Motion 5.3.x: How To Create Audio Fades

Motion is outstanding at creating motion graphics and other moving visuals. But it is much more cumbersome when it comes to working with audio.

When I teach Motion, one of the harder aspects for students to grasp is how to add audio fades. Fades are preferable to simply cutting an audio clip at the end of a project. But… how? It’s actually surprisingly difficult.

With the 5.3 update to Motion, the entire interface has been given a facelift, so even if you knew how to do this in earlier versions of Motion, the process has changed.


When it comes to working with audio, you’ll need to use the Timeline section of the Interface. I haven’t figured out an easy way to add audio fades without using the Timeline. Apple’s menus also call this the “Timing Pane.”

If this isn’t visible, do ONE of the following:

Also, there’s a preference setting that can help when adding new clips into a Motion project. Choose Motion > Preferences > Project.

Personally, I am forever adding new clips to the wrong place in the timeline. Setting this preference to Start of Project means that whenever I add a new clip, I will know where all my clips start.


With the 5.3 update, the File Browser panel is gone. Instead, we import media using the traditional File > Import (shortcut: Cmd + I).

(Click to see larger image.)

When you import an audio clip, absolutely NOTHING shows up in the Layers panel, but a green strip appears in the mini-timeline at the bottom of the Viewer.

To view audio clips, click the Audio tab at the top of the Layers panel. Here, I clicked the name of the audio file to select it (it turns blue).

In this control, you can adjust levels and pan, but not control Behaviors.

NOTE: I never use Motion for audio mixing, the controls just aren’t flexible enough. If I need any kind of fancy mixing, I’ll create the audio mix first, then import the final mix into Motion to add visuals.

However, while we can adjust and delete an audio clip in this Audio panel, we can’t see audio fade behaviors. For that, we need the Timeline.


With the audio clip selected in the Audio panel, choose Behaviors > Audio > Audio Fade In/Fade Out.

NOTE: Behaviors can be selected from the Library or the Behaviors drop-down menu. I prefer the drop-down menu.

As soon as you apply the Behavior, nothing appears anywhere. This might lead the more distracted members in the audience to think that nothing has happened. Au contraire. Lots has happened, you just can’t see it.


Here’s where it gets fun. Make sure the Timeline is visible. Click this speaker icon in the lower right corner of the Viewer. Blue means it is turned on.

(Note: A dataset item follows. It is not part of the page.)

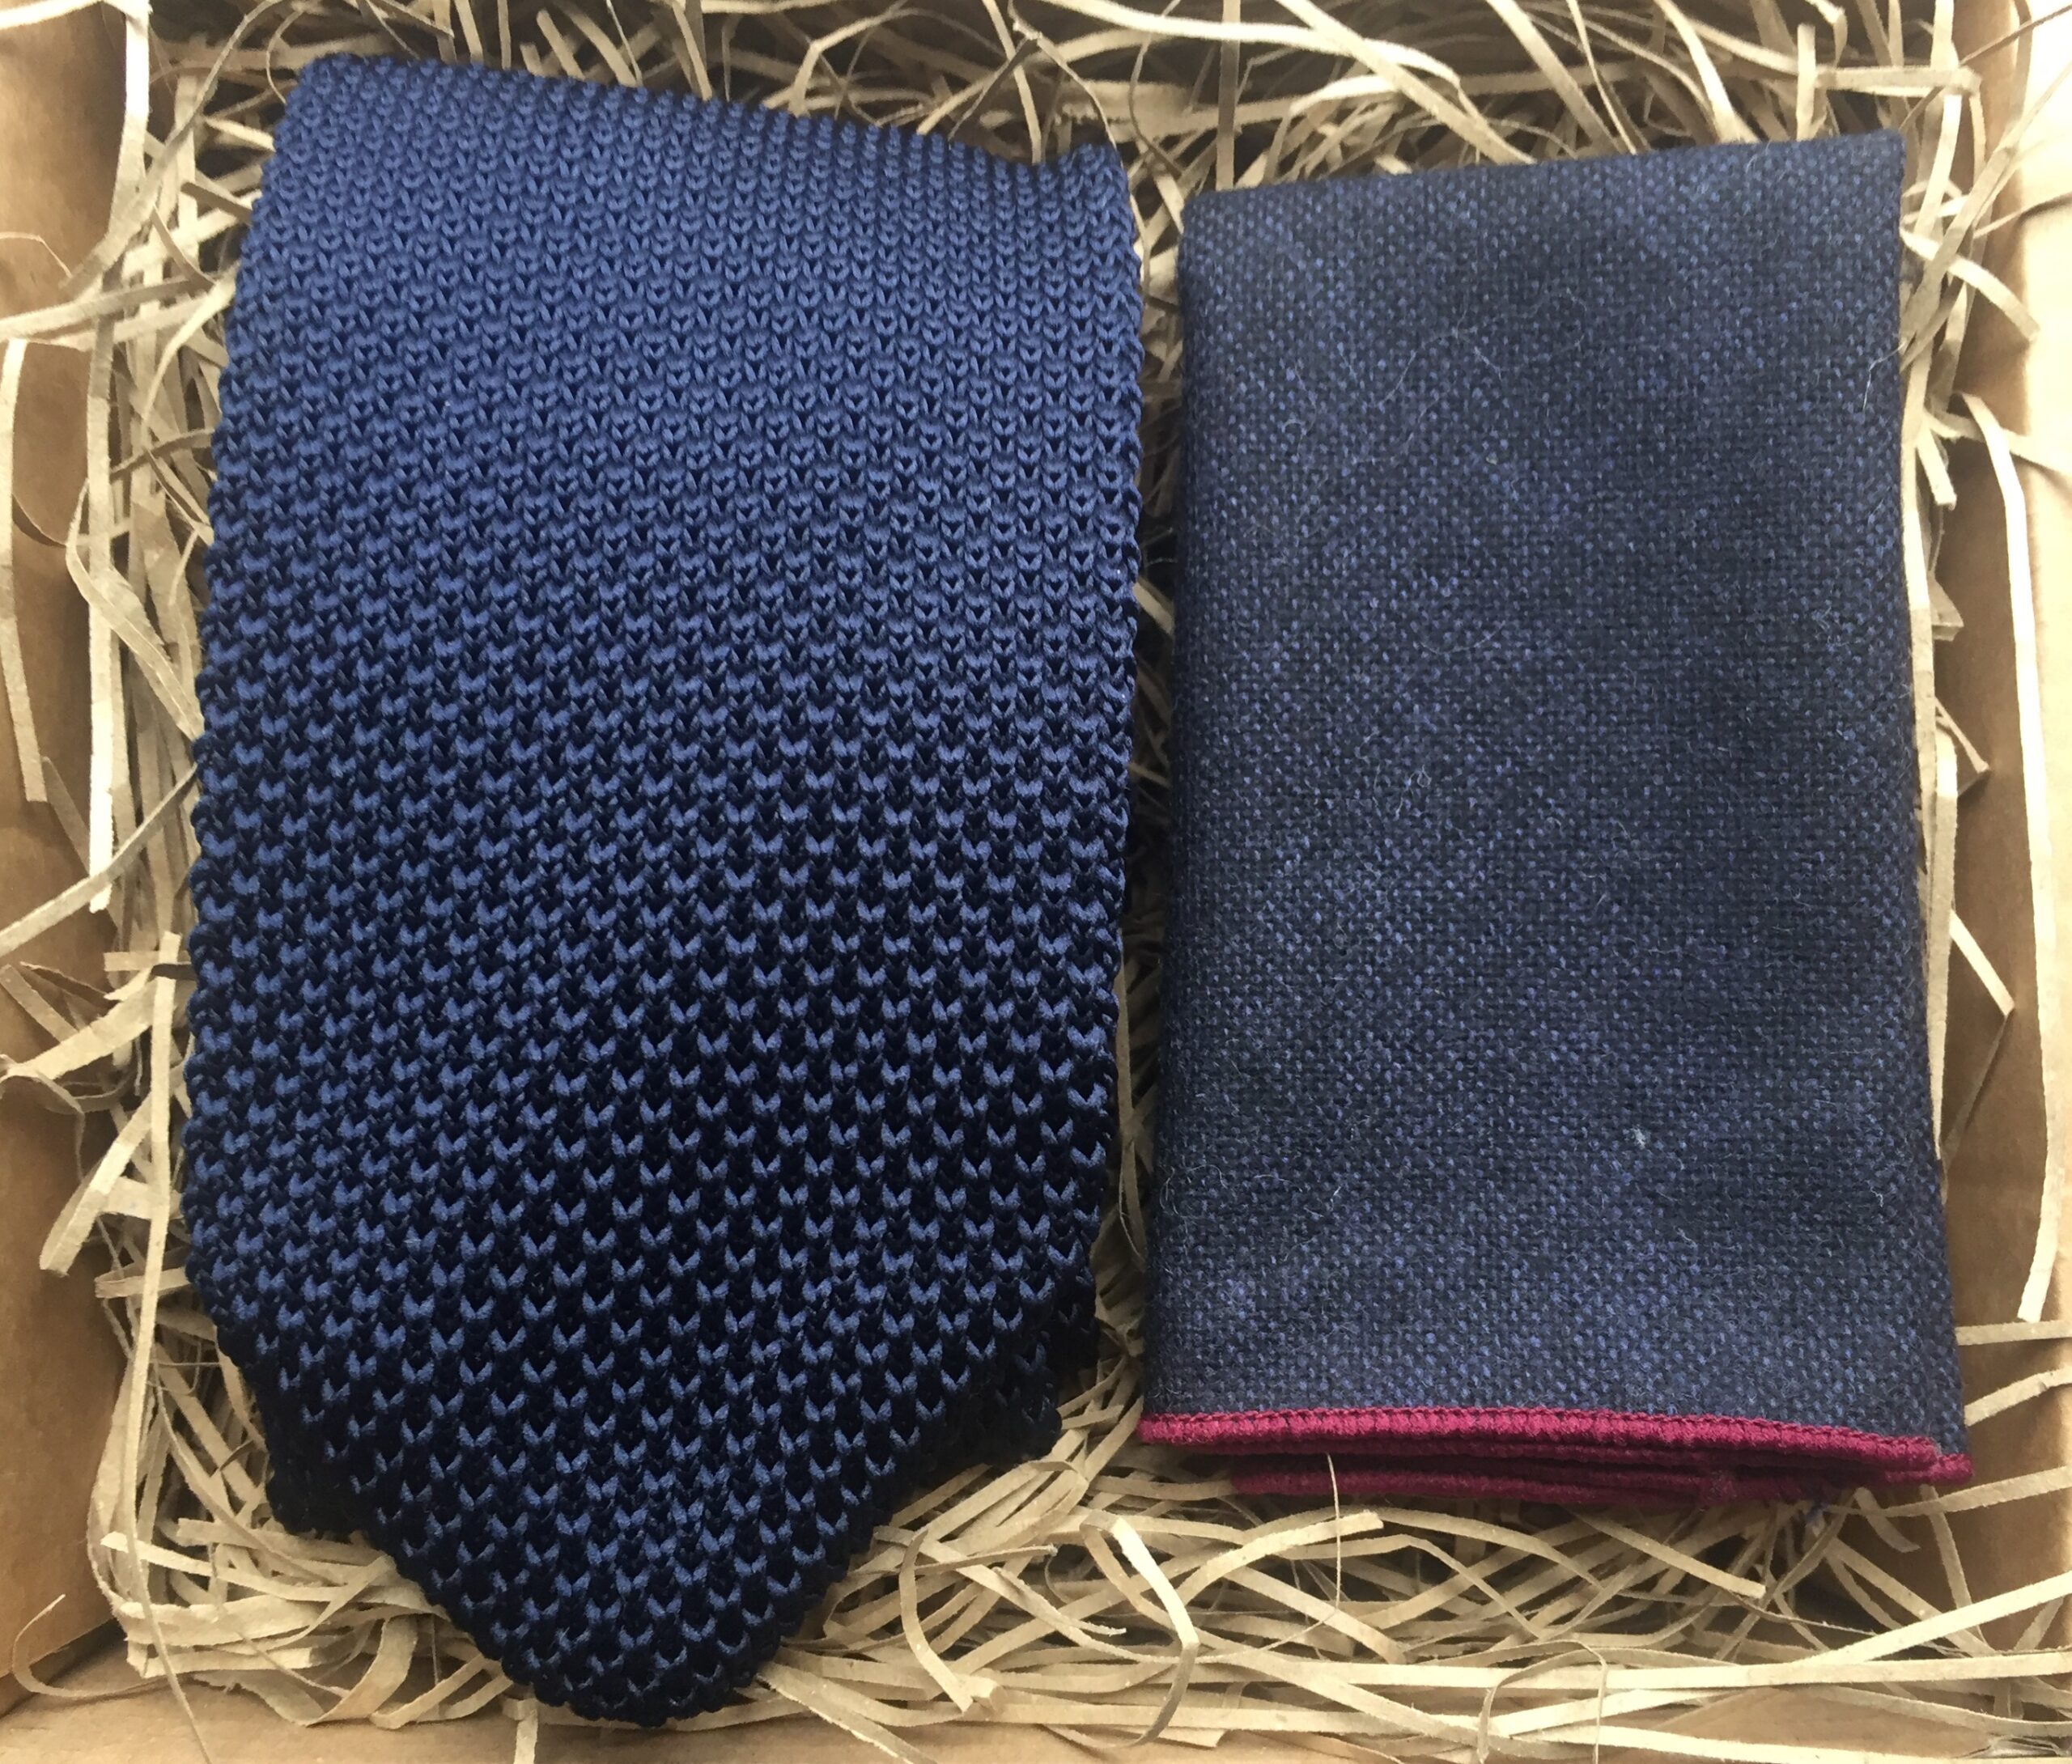 A blue wool tie and pocket square set ideal as a valentines gift, blue wedding tie or groomsmen gift.

This icon toggles the display of audio clips and behaviors in the Timeline. (The display is off by default.)

In the bottom half of the Timeline, several new icons appear:

You can adjust the timing of the audio clip by dragging the green bar left or right.

NOTE: The start and end of this audio clip (green) extend into the darkened areas before the In and after the Out.

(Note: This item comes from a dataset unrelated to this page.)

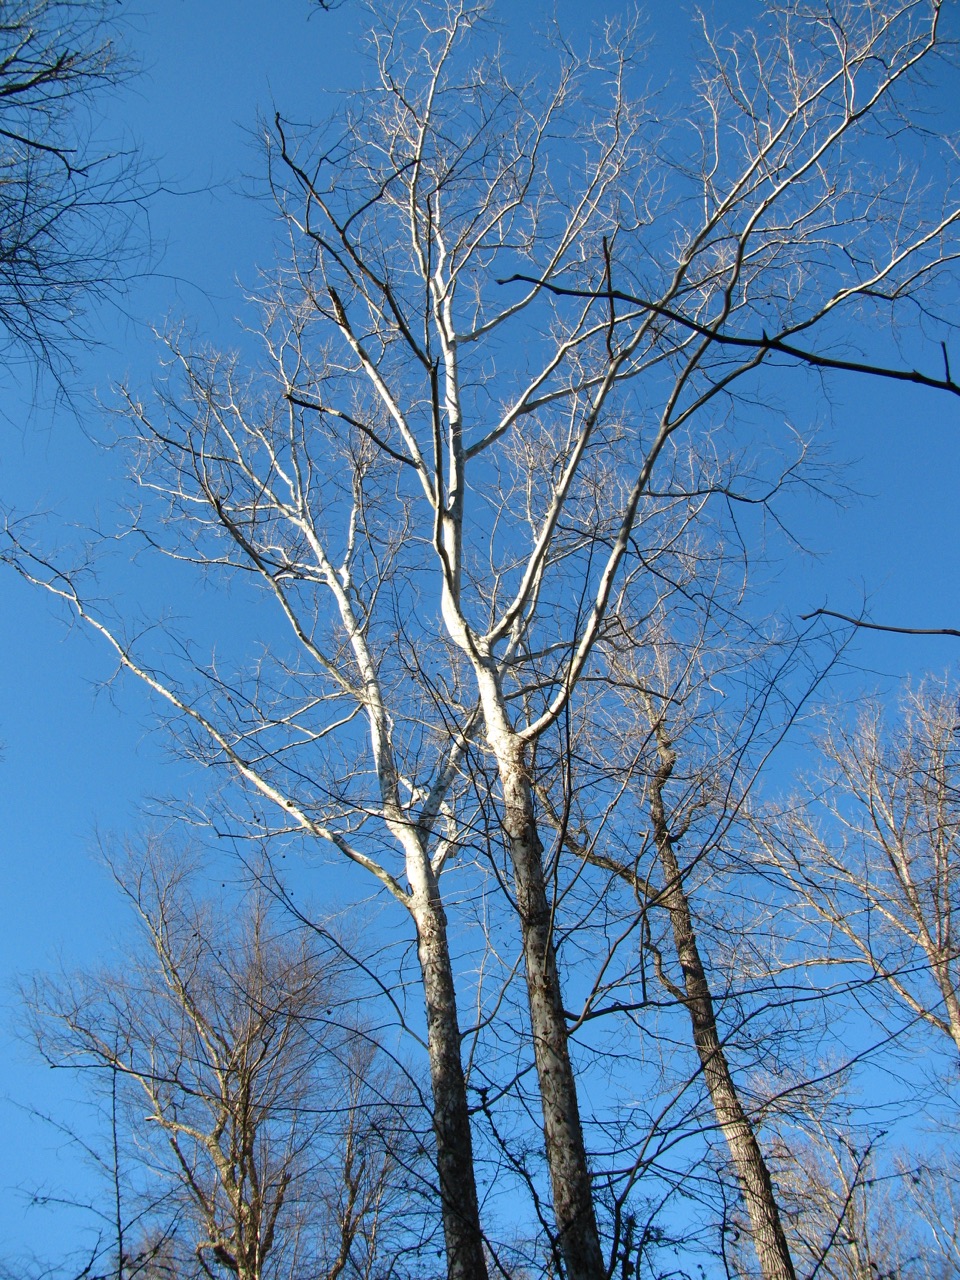 The Scientific Name is Platanus occidentalis. You will likely hear them called American Sycamore. This picture shows the Characteristic white inner bark on upper branches of Platanus occidentalis

This next step is critical. Once you have dragged the clip so it starts, or ends, when you want, you need to “lock” the timing.

NOTE: I’ve discovered that audio behaviors are applied to the In and Out of a clip, which means that if a clip is longer than your project, your audio fades will not be heard. In this screen shot I’ve trimmed the audio clip to exactly equal the project length.

If all you have is one audio clip that you want to fade up at the beginning and fade out at the end of your project, then you only need one audio fade behavior where a fade is applied to each end of the behavior. Select the purple behavior, that you applied earlier, in the Timeline.

Display the HUD:

In the HUD, drag the left-hand vertical line to set the duration of the Fade In. Drag the right-hand vertical line to set the duration of the Fade Out. Fades can be any duration you choose, however the visual indicator stops moving at 30 frames. Just keep dragging to set longer durations.

To adjust the duration of any fade, select the behavior in the Timeline, then make duration adjustments using the HUD.

Play your project and you’ll hear the audio fade up at the beginning and fade out at the end.


There are many times where we will use multiple audio clips and need the audio to fade in or out at different times.

Here, for example, I’ve imported three different audio clips; the green bars.

I set the In and Out for each clip, added an audio fade behavior for each clip (the purple bars), then used the HUD to set the duration of the Fade In and Fade Out for each clip. The screen shot displays the setting for the top behavior.

NOTE: The In and Out of each audio clip matches the duration of the audio fade behavior.

If needed, I can set levels for each clip by selecting the clip in the Timeline, then using the Audio panel (next to Layers) to set levels and pan.


Adding and adjusting audio fades isn’t hard, but it certainly isn’t intuitive. Now you know how it works.